** EXERCISE AIM **
Below this line are records; write out exactly the lines from the one containing "Una mansión de" through the one containing "CANLI | Vanspor", with the pictures left out.
++++ DATA
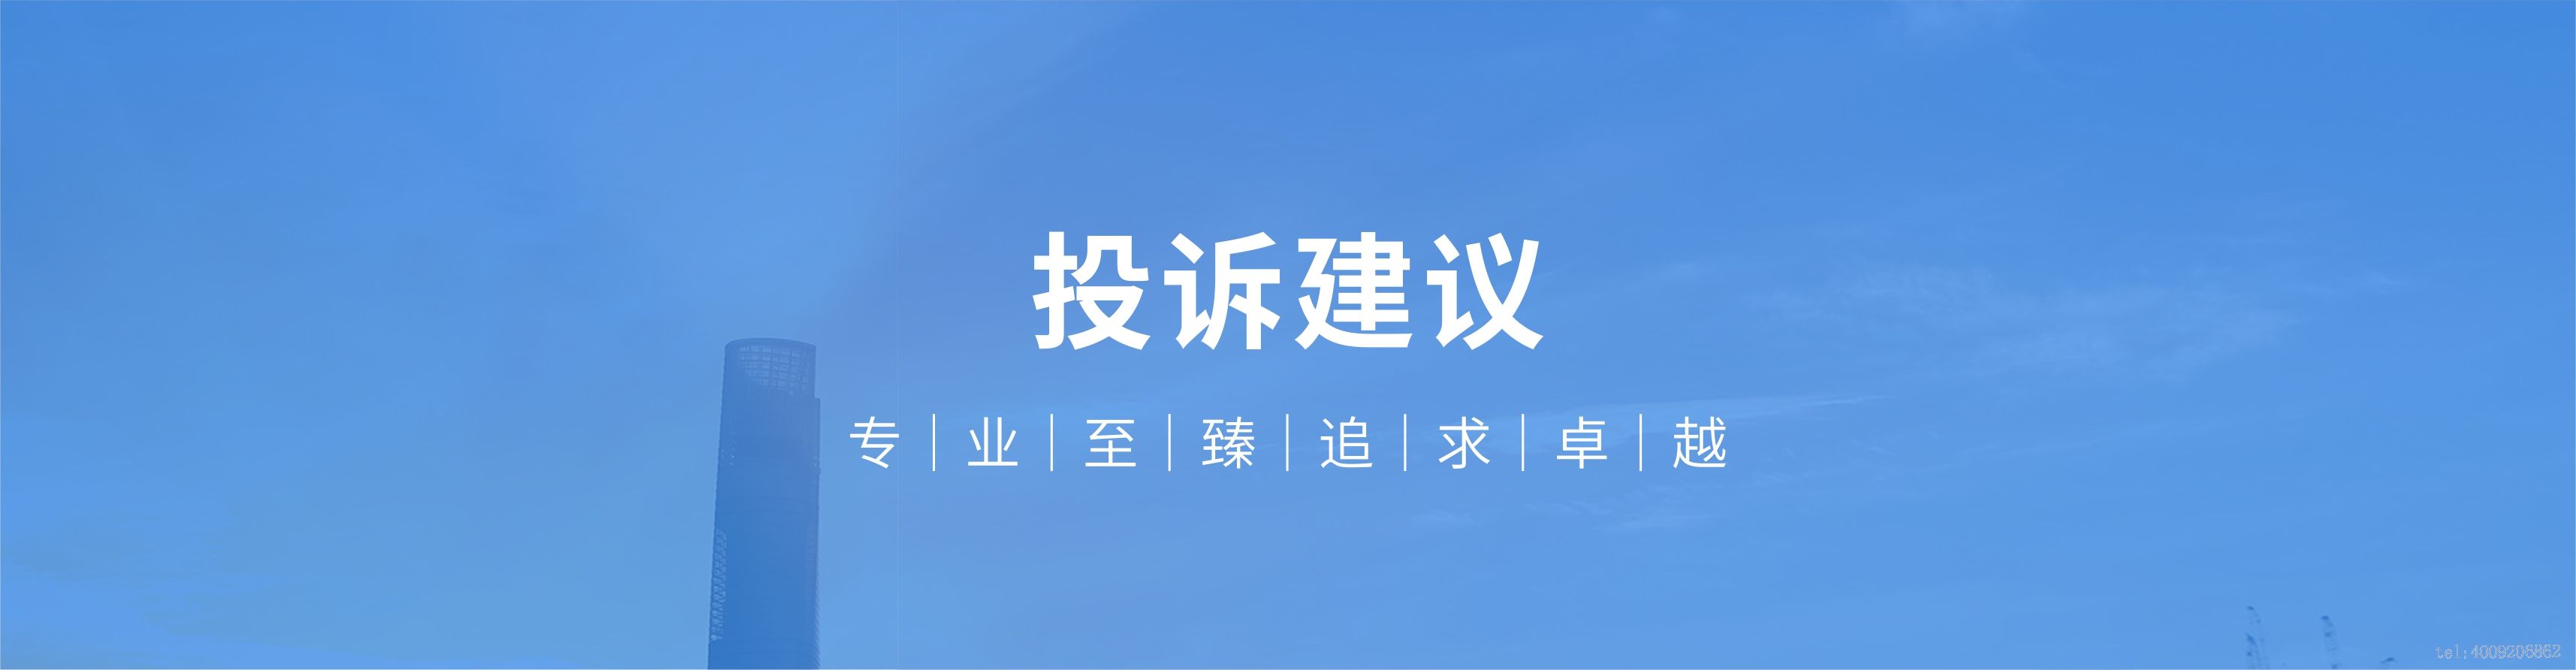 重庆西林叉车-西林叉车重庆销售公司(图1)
++++++++
++++ DATA
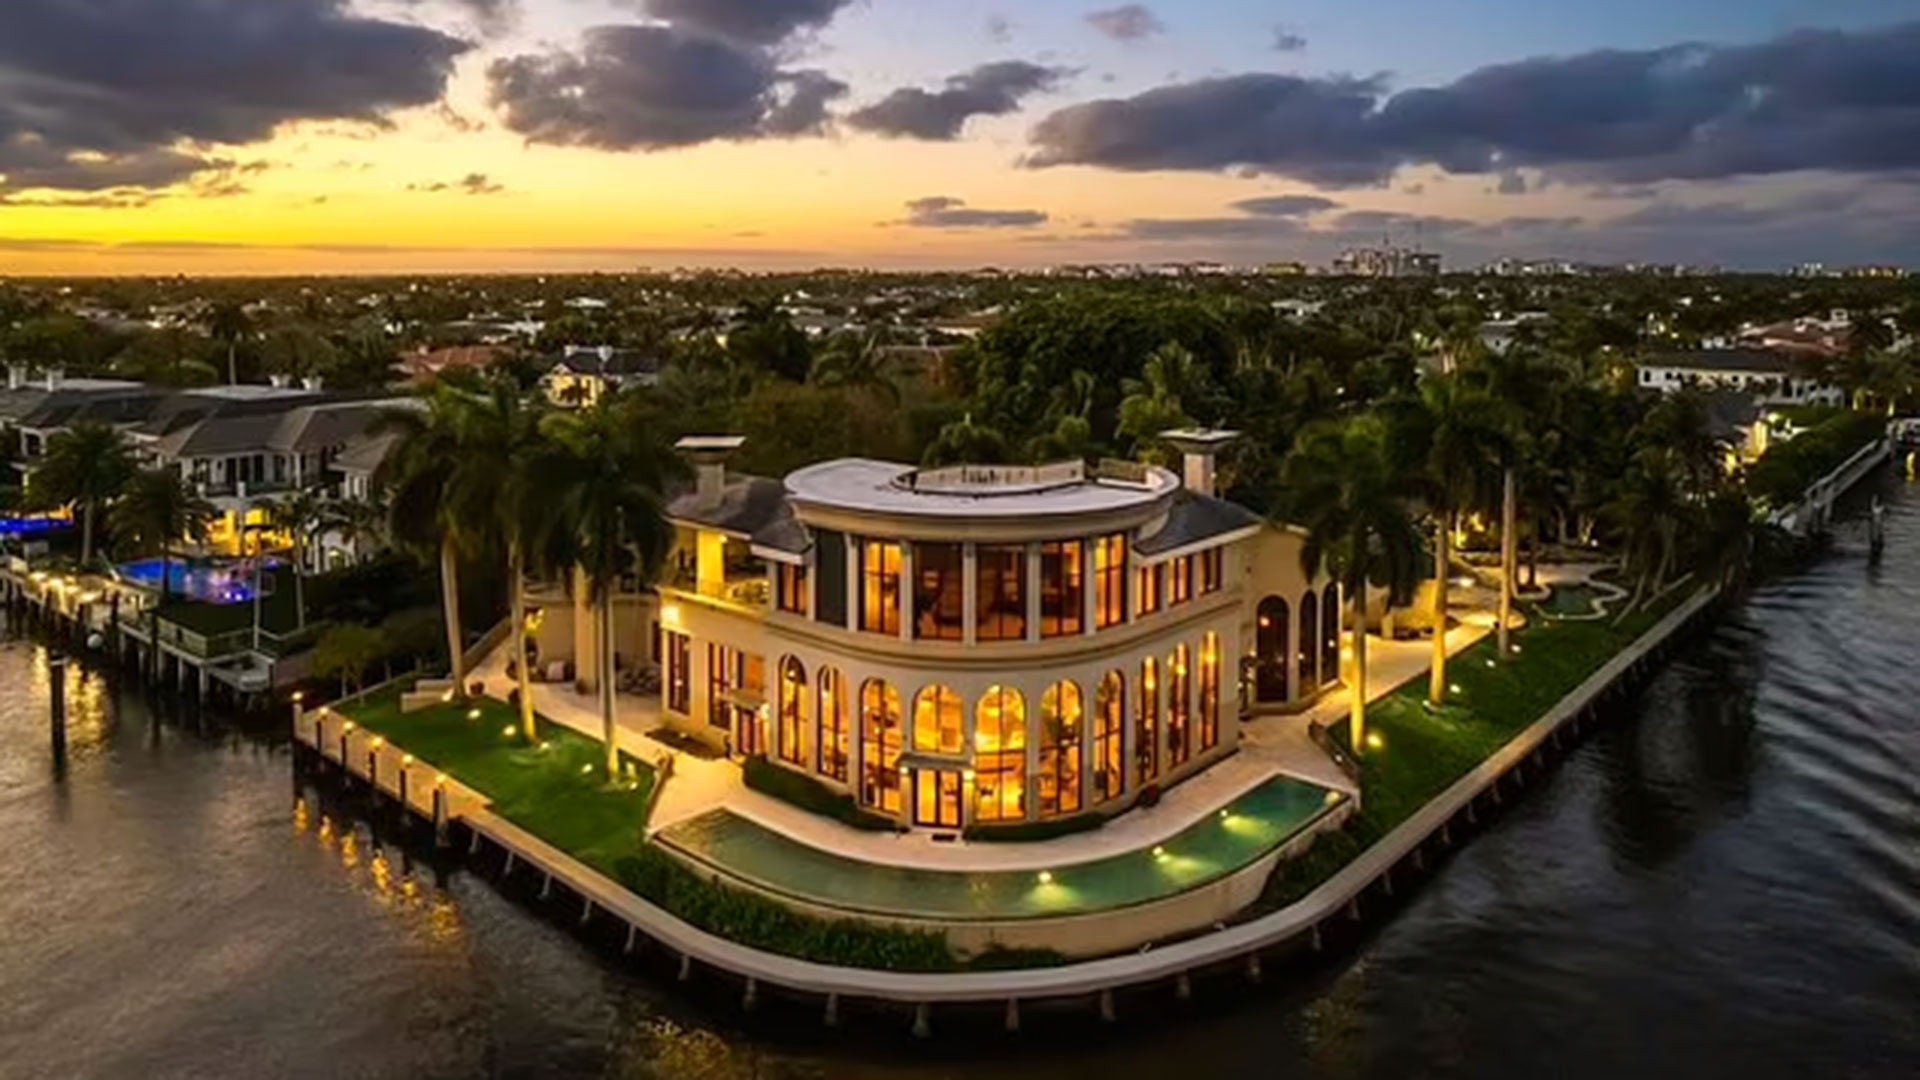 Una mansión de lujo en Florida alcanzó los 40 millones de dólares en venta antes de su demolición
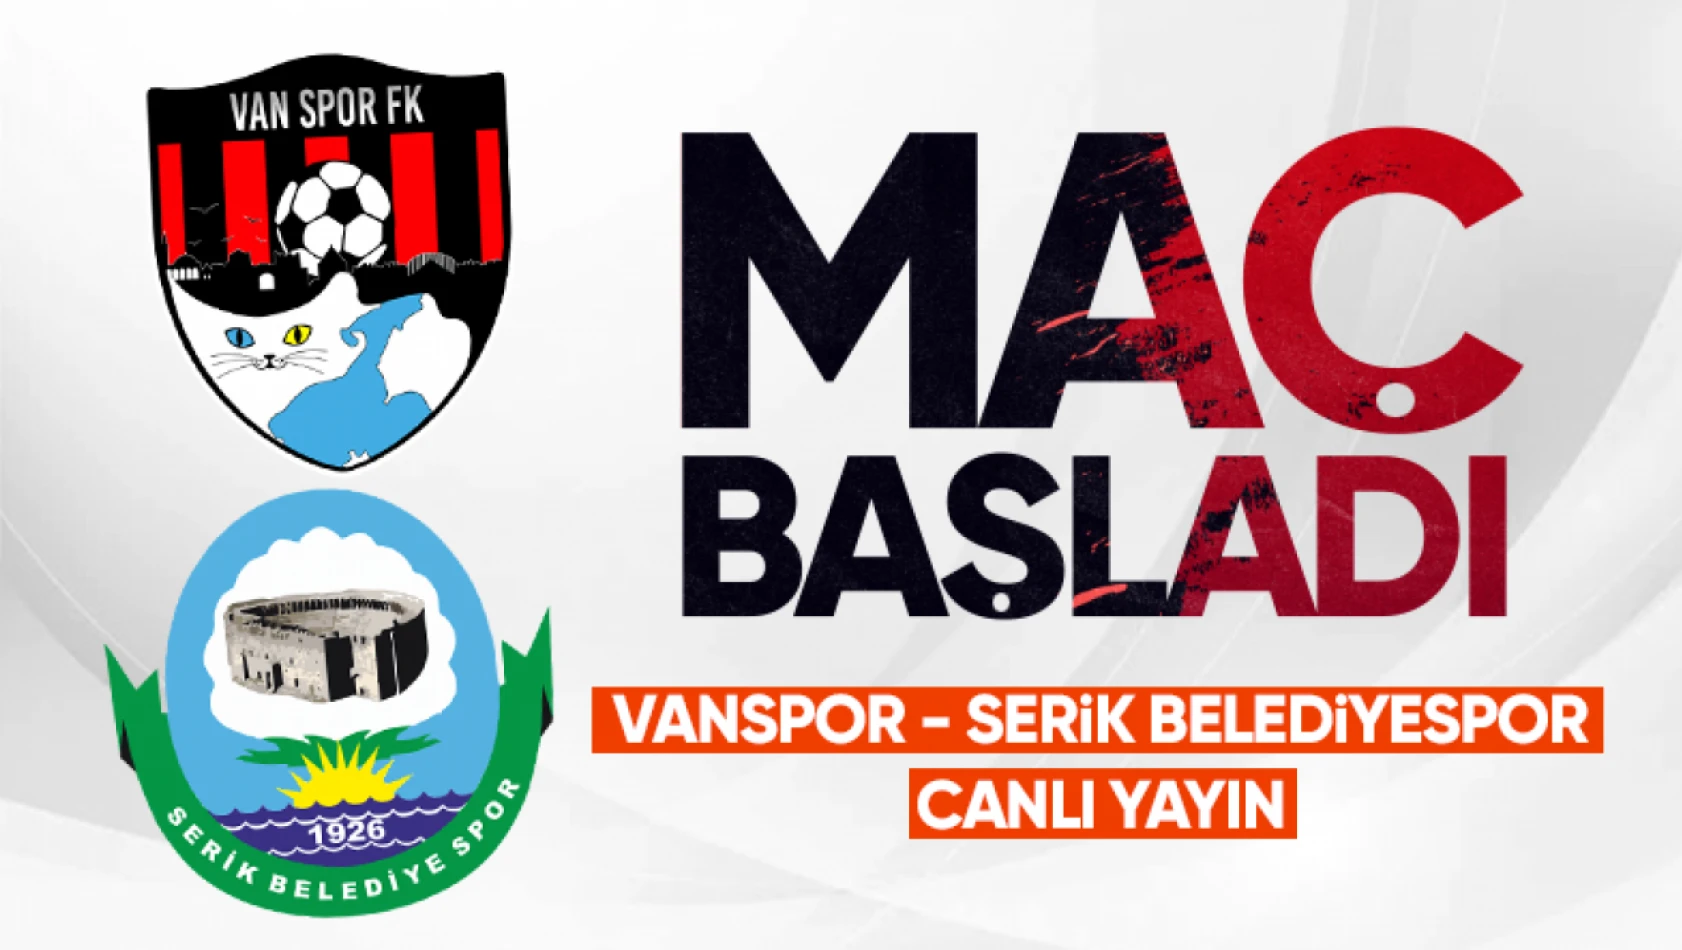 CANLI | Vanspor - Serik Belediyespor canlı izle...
++++++++
** ANSWER TO THE PROBLEM **
 Una mansión de lujo en Florida alcanzó los 40 millones de dólares en venta antes de su demolición
 CANLI | Vanspor - Serik Belediyespor canlı izle...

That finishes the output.